Cheney’s aides initially tried to blame Whittington for getting in the way while going to retrieve a shot quail, but in a subsequent interview on Fox News, the vice president took responsibility for what happened, saying, “I pulled the trigger.”
The incident launched a thousand late-night jokes directed at Cheney, and was featured in the 2018 film “Vice,” directed by Adam McKay and starring Christian Bale in heavy prosthetics as President George W. Bush’s all-powerful VP.
Around the time of the film’s release, Whittington, then age 91, sat down for an interview with Corpus Christi Caller to talk about his brush with death.
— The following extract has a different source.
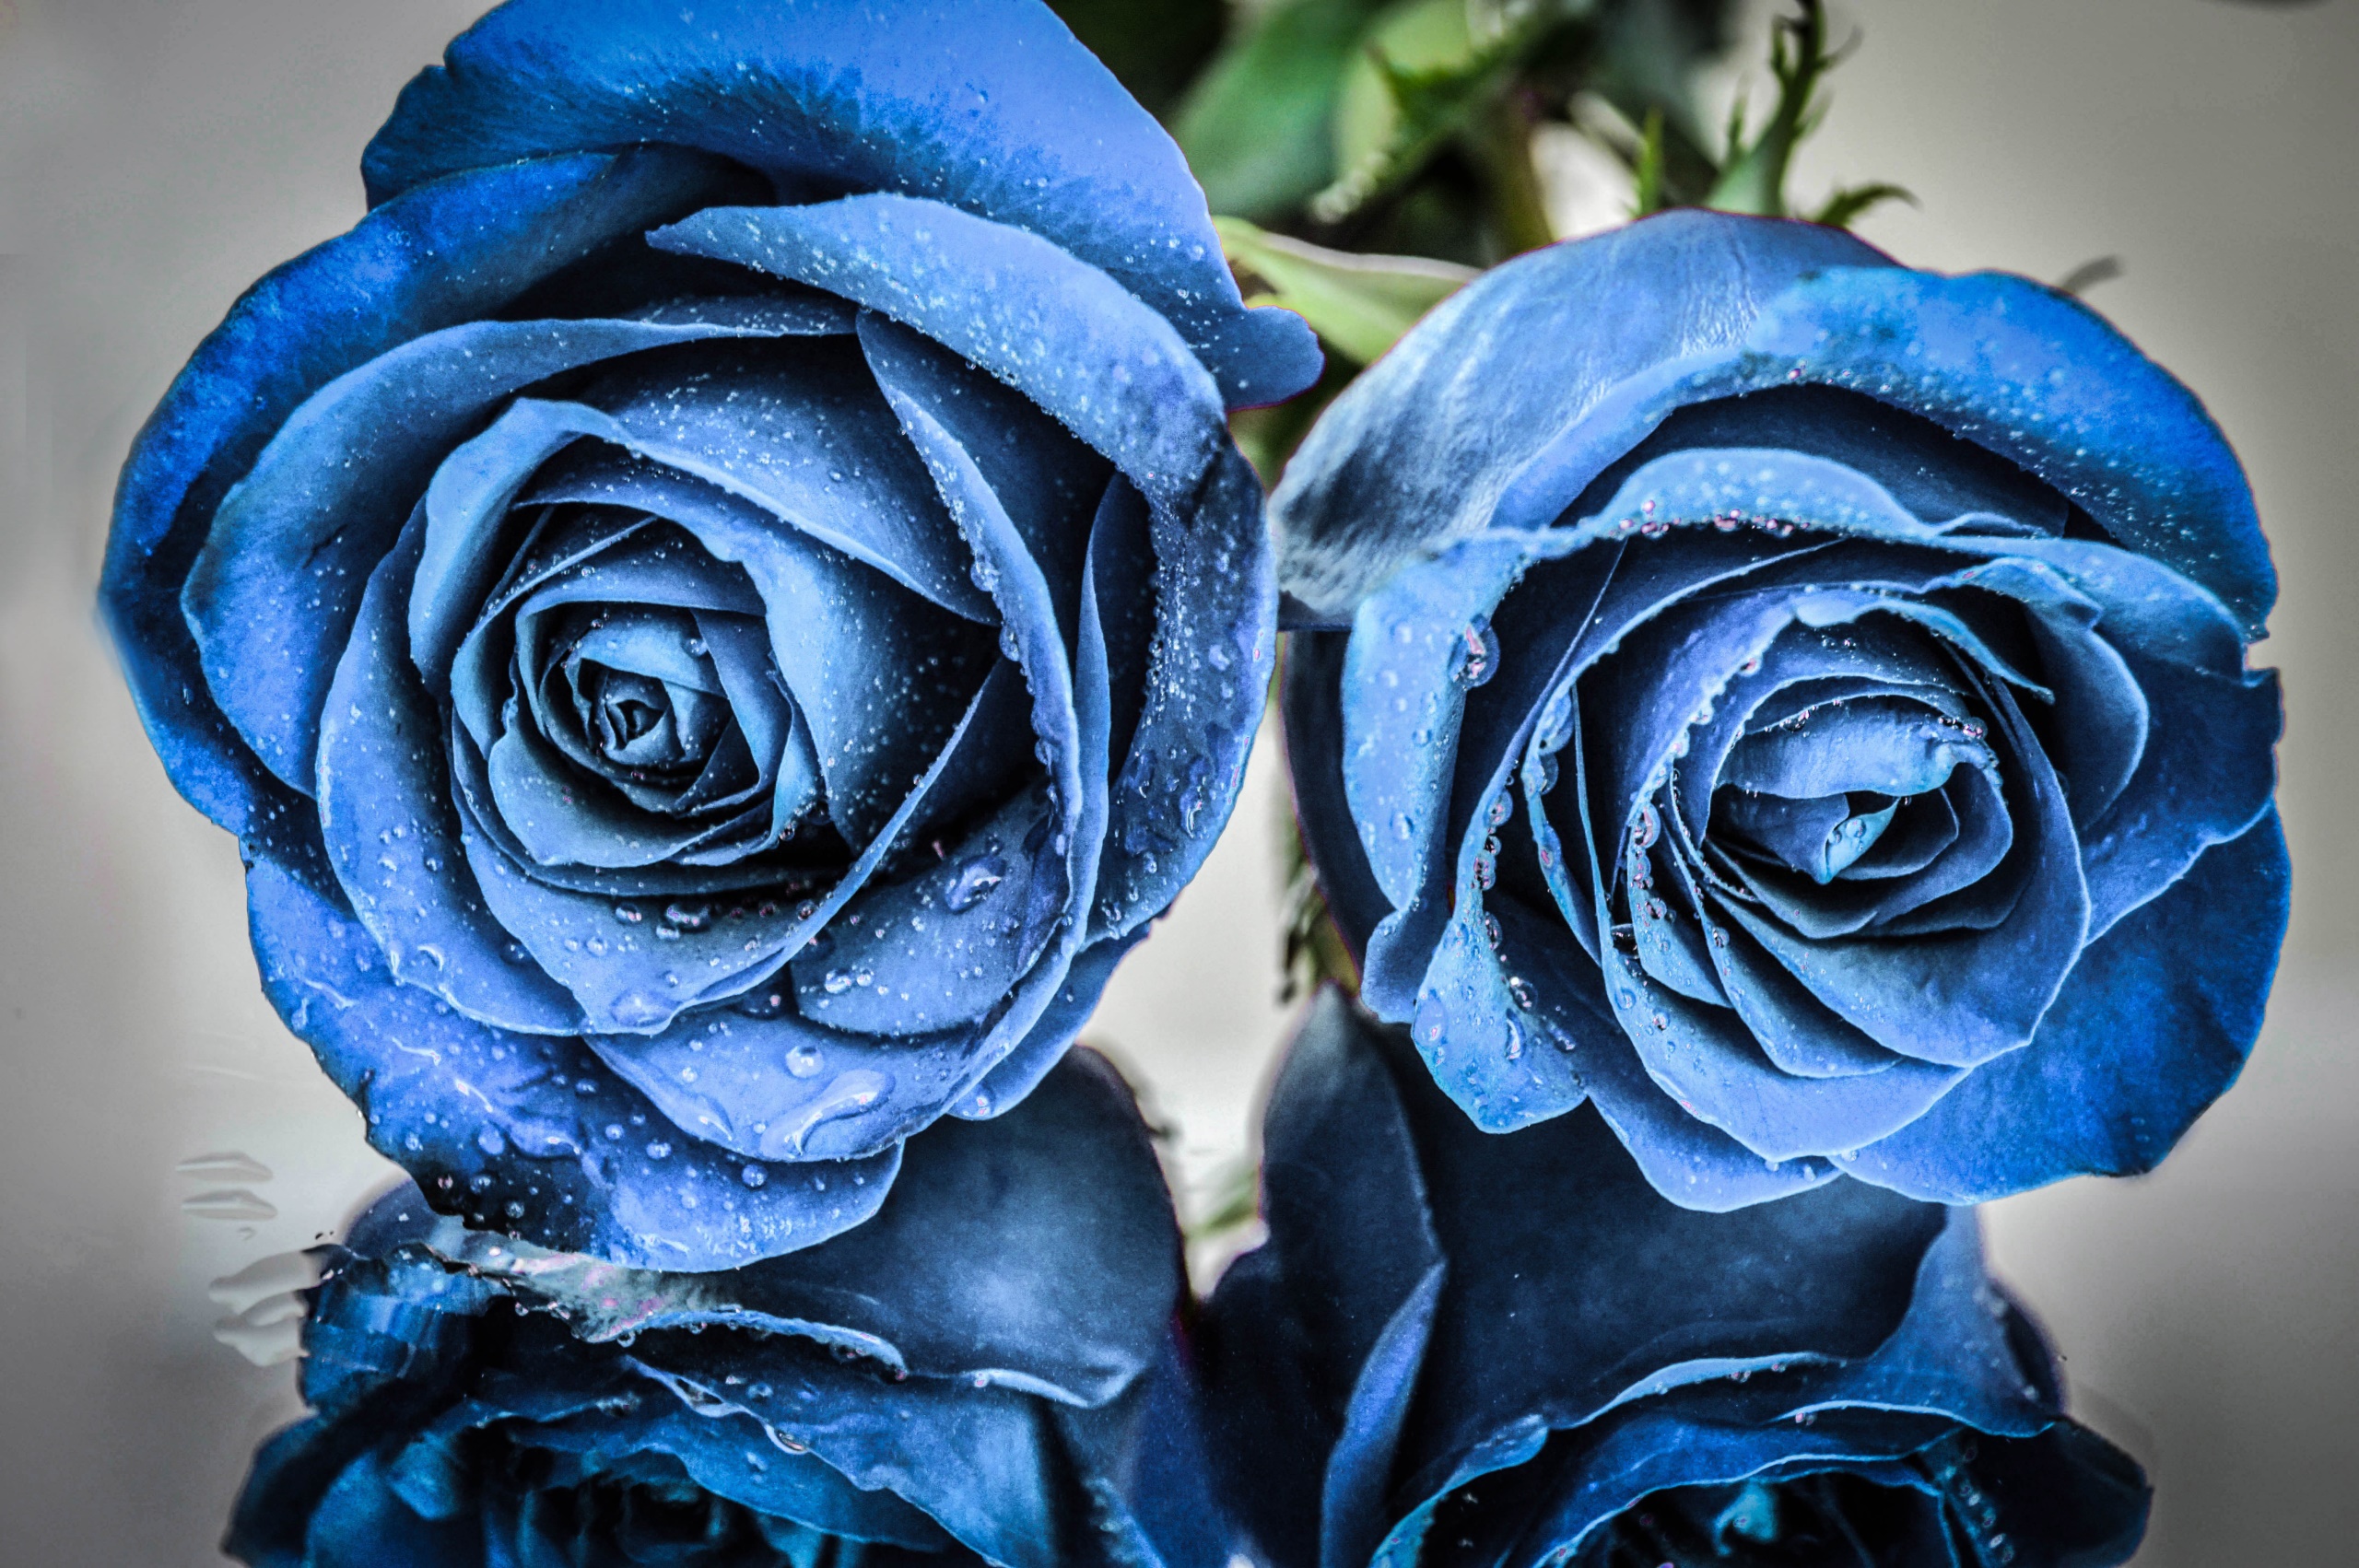 General 2560x1702 blue flowers rose plants flowers water drops closeup

He said the last thing he remembers before passing out was the smell of gun powder in the air.
Whittington said he and Cheney stayed in touch in the wake of the shooting and even went out to dinner together earlier that year, but he described the two of them as “just acquaintances.”
Whittington also told the paper that he still had some pellets embedded in his body, and that he had given up hunting due to his advanced age.
In his memoir titled “In My Time” published in 2011, Cheney said he was “deeply sorry” for what Whittington and his family had gone through.
“The day of the hunting accident was one of the saddest of my life,” the former vice president said.
Cheney, 82, has not publicly commented on Whittington’s passing as of Monday.